Assist me first with pious toil to trace,
Thro’ wrecks of time thy lineage and thy race;
Declare what lovely squaw, in days of yore,
(Ere great Columbus sought thy native shore,)
First gave thee to the world; her works of fame
Have liv’d indeed, but liv’d without a name.
Some tawny Ceres, goddess of her days,
First learn’d with stones to crack the well-dry’d maize,
Thro’ the rough sieve to shake the golden show’r,
In boiling water stir the yellow flour—
The yellow flour, bestrew’d and stir’d with haste,
Swells in the flood and thickens to a paste,
Then puffs and wallops, rises to the brim,
Drinks the dry knobs that on the surface swim;
The knobs at last the busy ladle breaks,
And the whole mass its true consistence takes.

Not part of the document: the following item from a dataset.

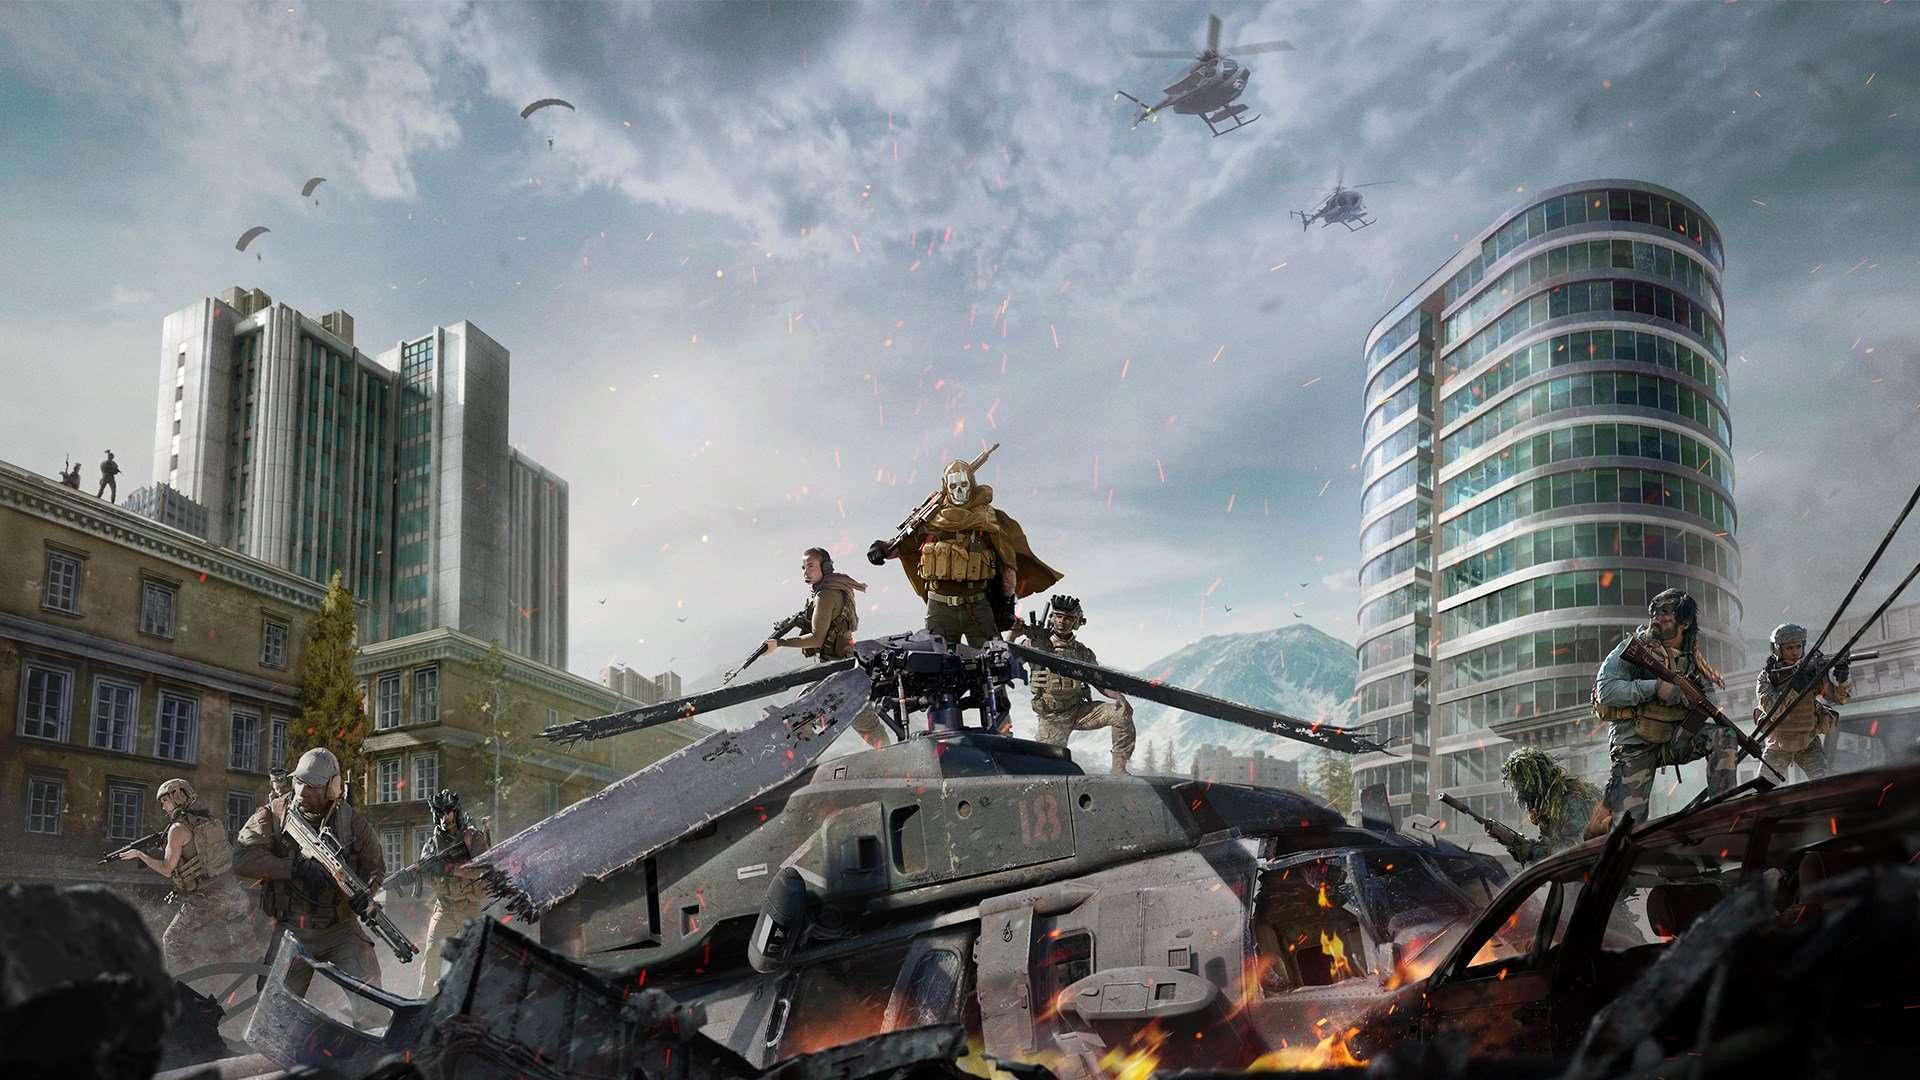 0e9c14002f9268601c57837930261014 - شركة Activision تحظر 60 ألف حساب في لعبة Call of Duty Warzone بسبب الغش

Could but her sacred name, unknown so long,
Rise like her labours, to the son of song,
To her, to them, I’d consecrate my lays,
And blow her pudding with the breath of praise.
If ’twas Oello, whom I sang before,
I here ascribe her one great virtue more.
Not thro’ the rich Peruvian realms alone
The fame of Sol’s sweet daughter should be known,
But o’er the world’s wide climes should live secure,
Far as his rays extend, as long as they endure.

Dear Hasty-Pudding, what unpromis’d joy
Expands my heart, to meet thee in Savoy!
Doom’d o’er the world thro’ devious paths to roam,
Each clime my country, and each house my home,
My soul is sooth’d, my cares have found an end,
I greet my long-lost, unforgotten friend.

For thee thro’ Paris, that corrupted town,
How long in vain I wander’d up and down,
Where shameless Bacchus, with his drenching hoard
Cold from his cave, usurps the morning board.